Trauma gerakan mahasiswa: Antara refleksi dan persepsi
Bahkan muncul istilah yang sangat keras: "pelacuran gerakan."
Banyak masyarakat hari ini memandang gerakan BEM dan mahasiswa dengan rasa curiga. Setiap kali muncul aksi demonstrasi, tuntutan politik, atau gerakan moral dari kampus, sebagian masyarakat langsung bertanya, "Ada kepentingan siapa di belakangnya?" Kecurigaan itu bukan lahir tanpa sebab, tapi merupakan akumulasi dari pengalaman sejarah yang masih membekas dalam ingatan publik.
Salah satu peristiwa yang sering menjadi rujukan adalah dinamika politik tahun 2001 ketika Presiden KH. Abdurrahman Wahid atau Gus Dur dilengserkan dari kursi kepresidenan. Pada masa itu, berbagai elemen politik bergerak dan mengada-ada.
Tidak hanya partai politik dan elite kekuasaan, tetapi juga sebagian kelompok mahasiswa yang ikut terlibat dalam gelombang tekanan politik terhadap pemerintahan Gus Dur.
Nama M. Taufiqurrahman Ridho (yang saat itu dikenal sebagai aktivis mahasiswa dan Ketua BEM UI) sering disebut dalam berbagai catatan sejarah gerakan mahasiswa era tersebut. Bagi sebagian pendukung Gus Dur, keterlibatan kelompok mahasiswa dalam pusaran konflik politik nasional dianggap sebagai bentuk penyimpangan dari idealisme gerakan kampus.
Bahkan muncul istilah yang sangat keras: "pelacuran gerakan", yakni ketika gerakan mahasiswa dinilai tidak lagi berdiri sebagai kekuatan moral independen, melainkan terseret dalam kepentingan perebutan kekuasaan elite politik.
Istilah itu tentu dapat diperdebatkan. Namun yang tidak bisa dibantah adalah bahwa sejak saat itu kepercayaan sebagian masyarakat terhadap gerakan mahasiswa mengalami erosi.
Mahasiswa yang sebelumnya dipandang sebagai penjaga nurani bangsa mulai dianggap rentan dimanfaatkan oleh kepentingan politik praktis. Gerakan yang semestinya menjadi suara rakyat sering dicurigai sebagai perpanjangan tangan kelompok tertentu.
Padahal dalam sejarah Indonesia, mahasiswa memiliki jasa besar. Tahun 1966, mahasiswa menjadi bagian dari perubahan politik nasional. Tahun 1998, mahasiswa menjadi motor reformasi yang mengakhiri rezim Orde Baru.

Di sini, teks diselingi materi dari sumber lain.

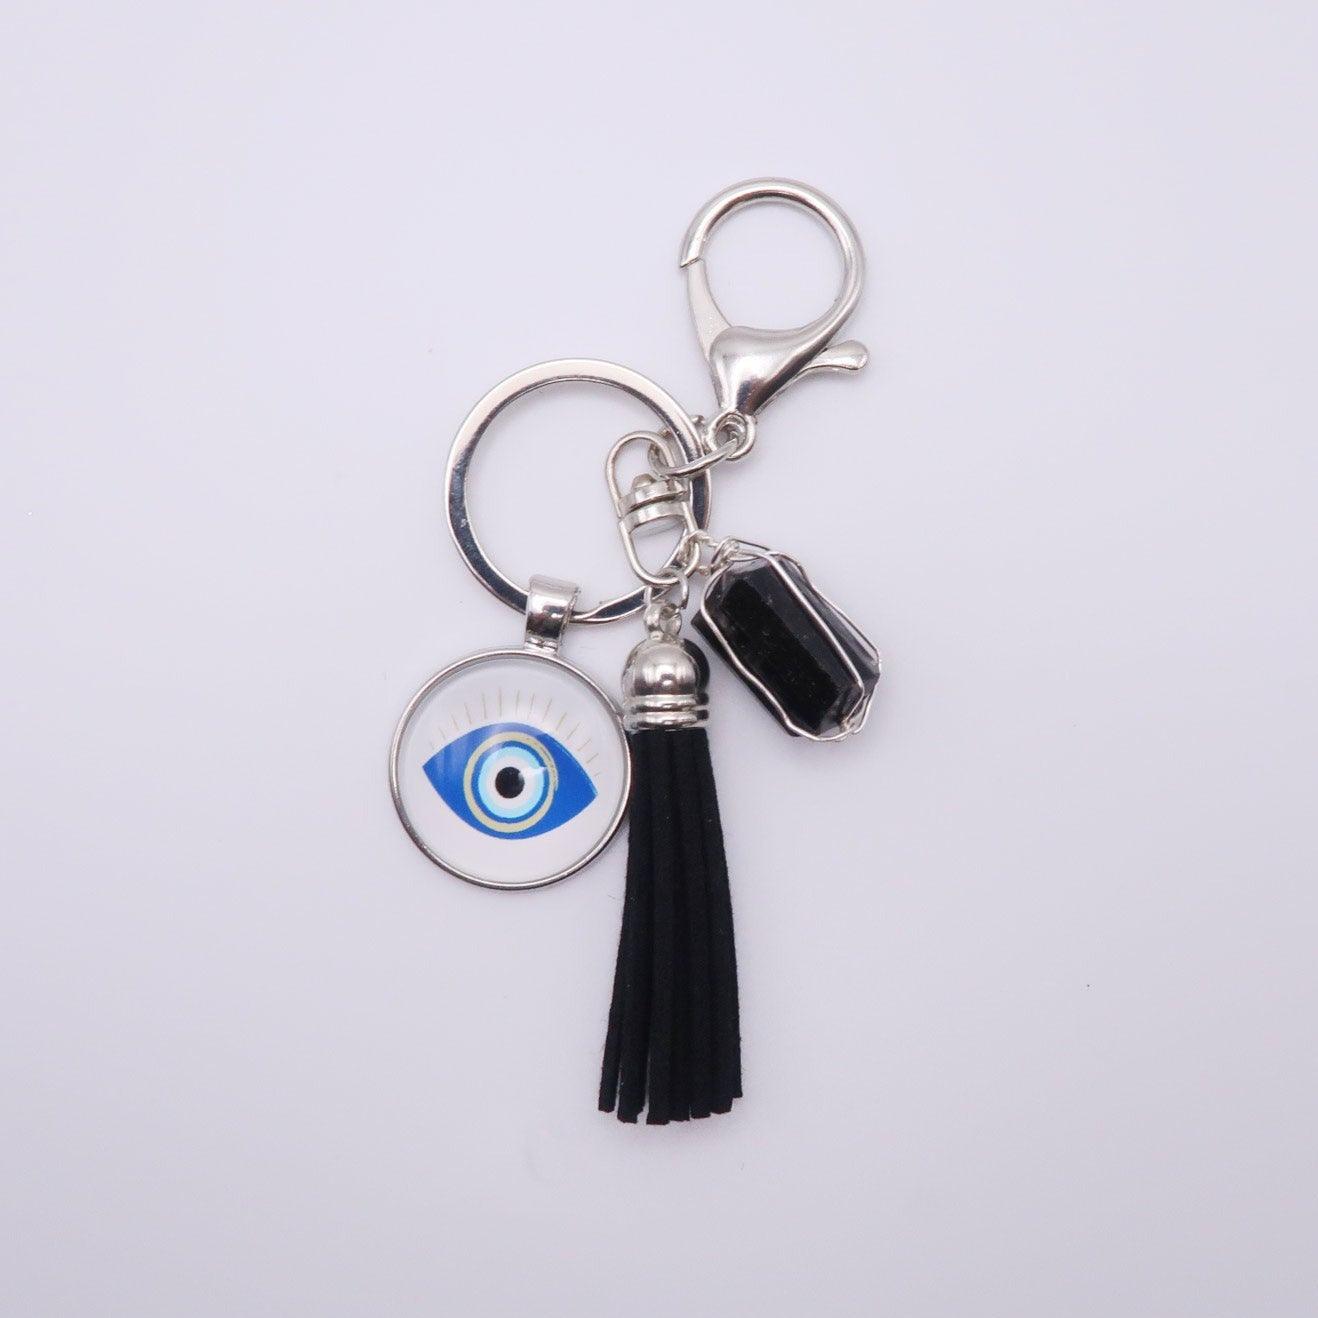 Evil Eye Keychain with Black Tourmaline for Energy Protection against Haters.

Namun sejarah juga mengajarkan bahwa gerakan mahasiswa akan kehilangan legitimasi ketika terlalu dekat dengan pusat kekuasaan atau terlalu mudah digunakan sebagai alat dalam pertarungan elite.
Hari ini, dua puluh lima tahun setelah peristiwa tersebut, sebagian masyarakat merasa melihat pola yang mirip kembali muncul. Gerakan-gerakan mahasiswa yang seharusnya berangkat dari kajian akademik dan kepentingan rakyat sering kali dipersepsikan memiliki agenda yang tidak sepenuhnya jernih. Aksi demonstrasi kadang terlihat lebih ramai daripada substansinya.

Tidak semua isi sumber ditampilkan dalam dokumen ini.